THE loss of resources in Africa through illicit financial outflows is hampering the continent’s development plans, President Jacob Zuma said during the general debate at the UN general assembly in New York.

He said the joint African Union and UN economic commission for Africa’s high-level panel on illicit financial flows estimated that the illicit flows could be about $50bn per annum.

“Illicit financial flows deprive developing countries of the much-needed economic resources to uplift their economies in order to provide infrastructure and basic services such as education and health care.

“We urge the world at large to treat this problem with the seriousness and urgency that it deserves,” Zuma said.

READ THIS: Zuma told to sign Financial Intelligence Centre bill into law or face court action

However, Zuma’s comments come as he delays signing the Financial Intelligence Centre (FIC) Amendment Bill.

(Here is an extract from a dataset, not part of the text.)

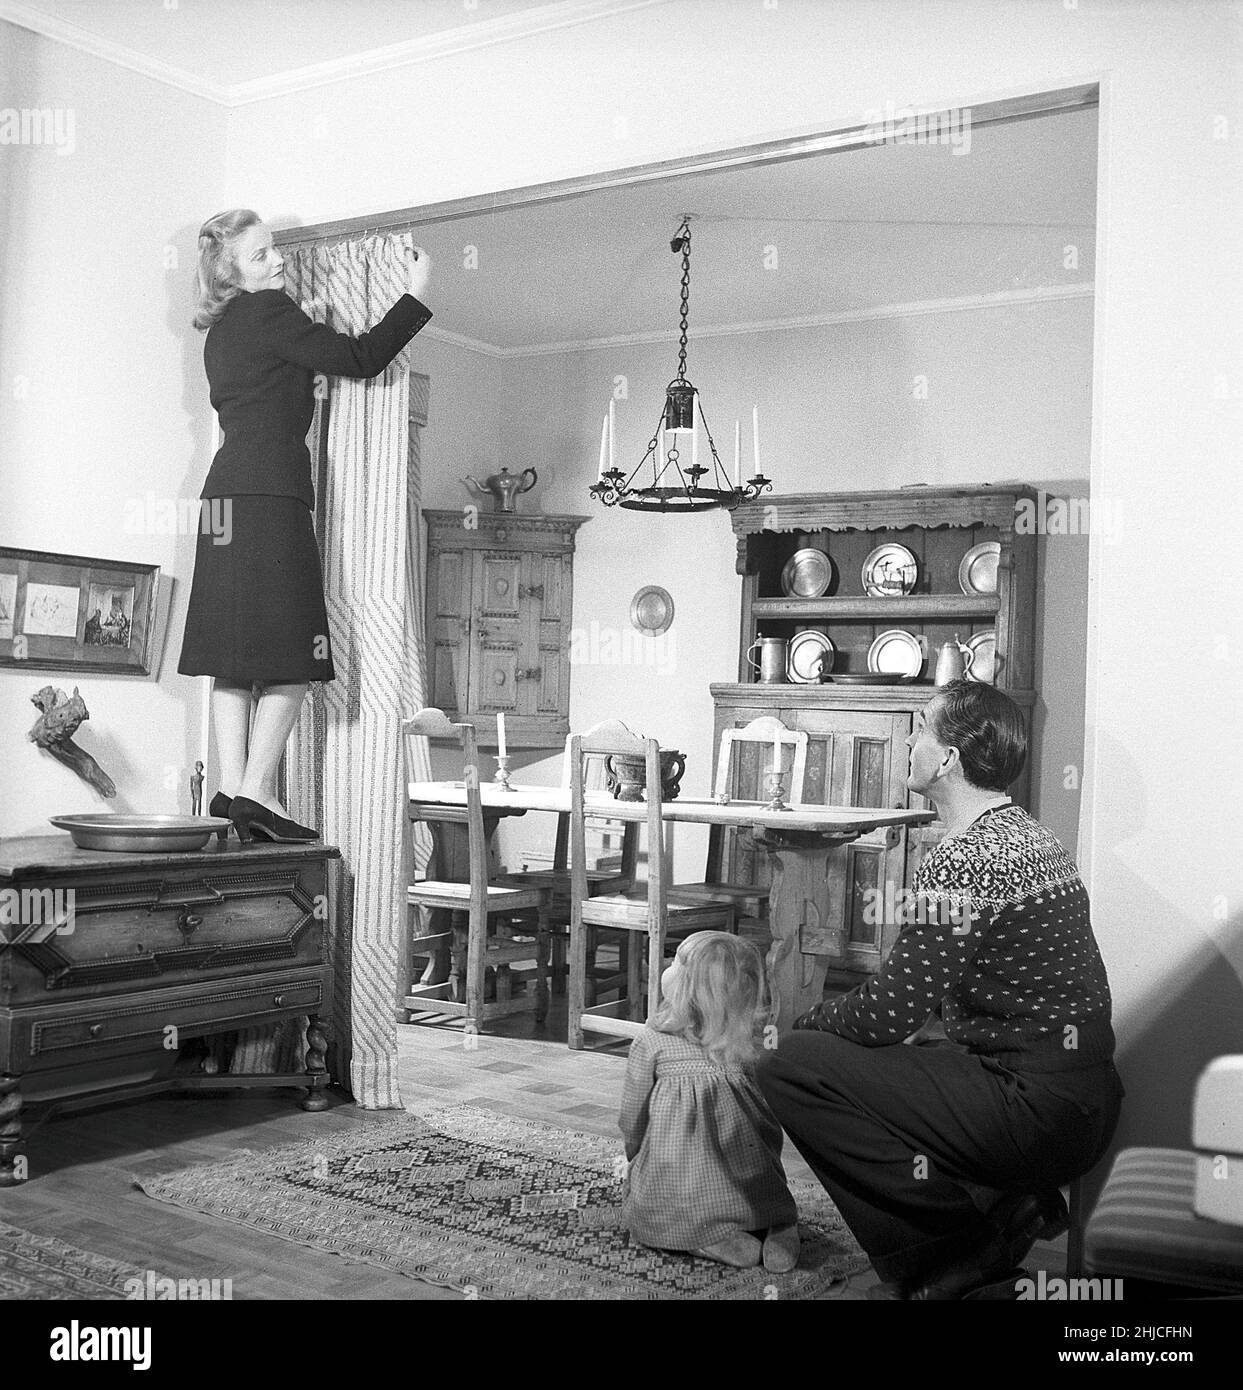 In the 1940s. A young couple arranges the drapes that divides the rooms in their apartment. Mrs Vibeke Falk stands on a piece of furniture to reach the clips and adjust the drapes while Mr Lauritz Falk and their daughter looks on. The back room has a rustic nordic interior with traditional wooden furniture with historic background. Sweden 1946 Kristoffersson ref Y38-4 Stock Photo

The Council for the Advancement of the SA Constitution has warned Zuma to sign the amendment bill, failing which he risks court action.

Casac has written to the president, urging him to assent to the bill or refer it back to the National Assembly within 30 days if he has reservations about its constitutionality.

Council executive secretary Lawson Naidoo wrote that the legislation would “strengthen SA’s capacity to fight corruption, specifically money laundering, trafficking and finance of terrorism”.

“It will bring us into line with international standards on combating financial crime and in particular our obligations as a member of the Financial Action Task Force.”

Parliament passed the bill in May, and it is awaiting Zuma’s signature.

The legislation requires banks to perform enhanced due diligence on “politically exposed” people in line with international obligations.

The Presidency said in August that the signing of the bill was delayed by a constitutional objection lodged by the Progressive Professionals Forum (PPF), a lobby group established by former government spokesman Mzwanele (Jimmy) Manyi.

Former finance minister Trevor Manuel has said that by not assenting to the bill Zuma was breaking his oath of office.